The purpose of the classification is to generate the dichotomous dependent variable that will be used later in this paper in the regression analysis in order to identify which topics are more personalized. Based on the classification algorithm, posts expressing personal health experiences constitute 37% of the posts, whereas the remaining posts belong to the category “Non-personal messages about health-related issues” and represent 63% of posts.

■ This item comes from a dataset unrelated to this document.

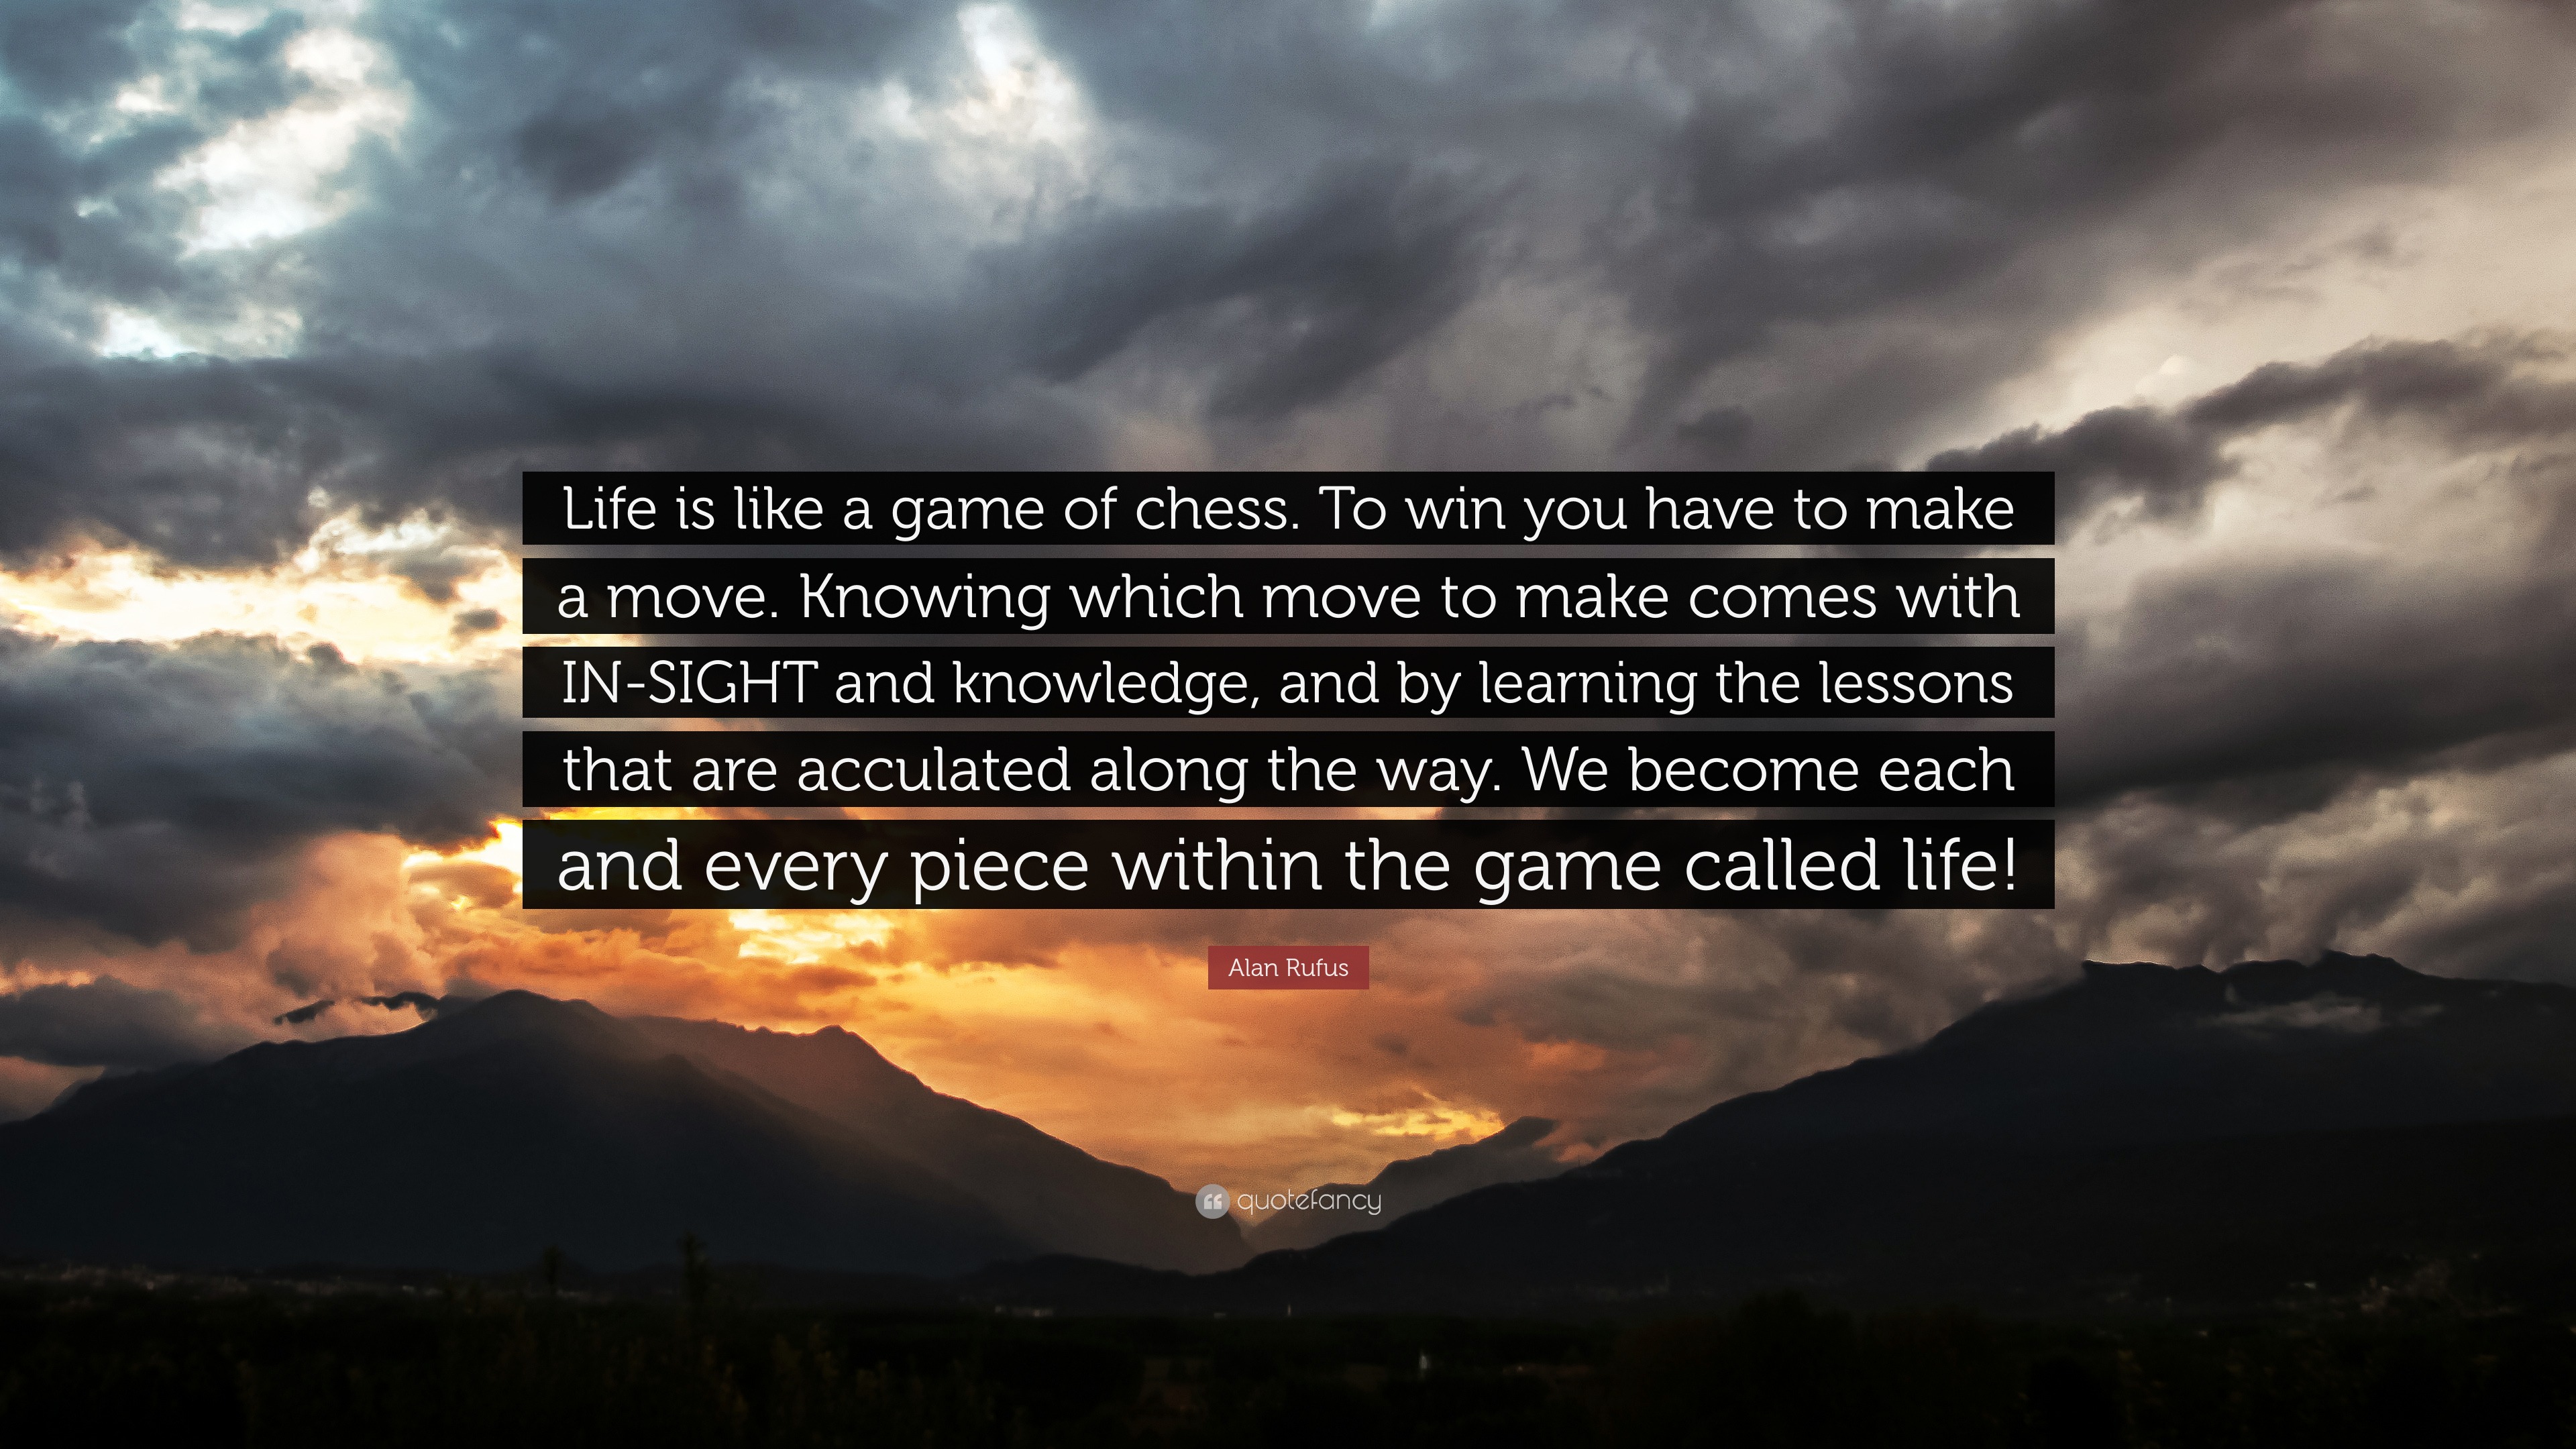 Alan Rufus Quote: “Life is like a game of chess. To win you have

Figure 2 displays the evolution over time of the volume of social media posts according to these two categories. The volume of posts expressing personal health experience appears relatively stable over the main part of the period but increases significantly starting from 2017. The volume of non-personal posts appears to decrease slightly over time. Here too, it is unclear whether variations over time reflect variations in behavior or variations in the data-collection process.

Figure 2.

Proportion of social media posts by category over time

Since we have no certitude about the constancy over time of the data-collection process, especially the inclusion of new data sources in Crimson Hexagon® databases, we designed a procedure to keep the data sources constant over time in order to apply topic modeling to the data. We have selected a random sample of posts from the three most important social media sources, namely Twitter, Online Forums, and Instagram. For each month between January 2012 and September 2018, we have randomly sampled approximately 1000 posts monthly from each social media source. This yielded a sample of 284586 social media posts that constituted our corpus, i.e. the basis for the topic modeling analysis. Since the sample is randomly selected, it is representative of each data source for each month during the period. At the same time, since the sample is constant over time for each source and each source represents approximately 1/3 of the data, variations (in terms of category proportions and overtime) reflect changes in behavior and not changes affecting the collection of data. As shown in figure 3, the sampling procedure over-samples the year 2012 and under-samples the year 2018.

Figure 3.

Proportion of posts in the sample compared to the total number of posts by year

Topic modeling

Topic modeling is an algorithmic method for finding topics in large and unstructured text data collections. Topic modeling consists in applying a suite of algorithms to discover the hidden thematic structure in large collections of unlabeled textual data. The results of topic modeling algorithms can be used to summarize, visualize, explore, and interpret a corpus.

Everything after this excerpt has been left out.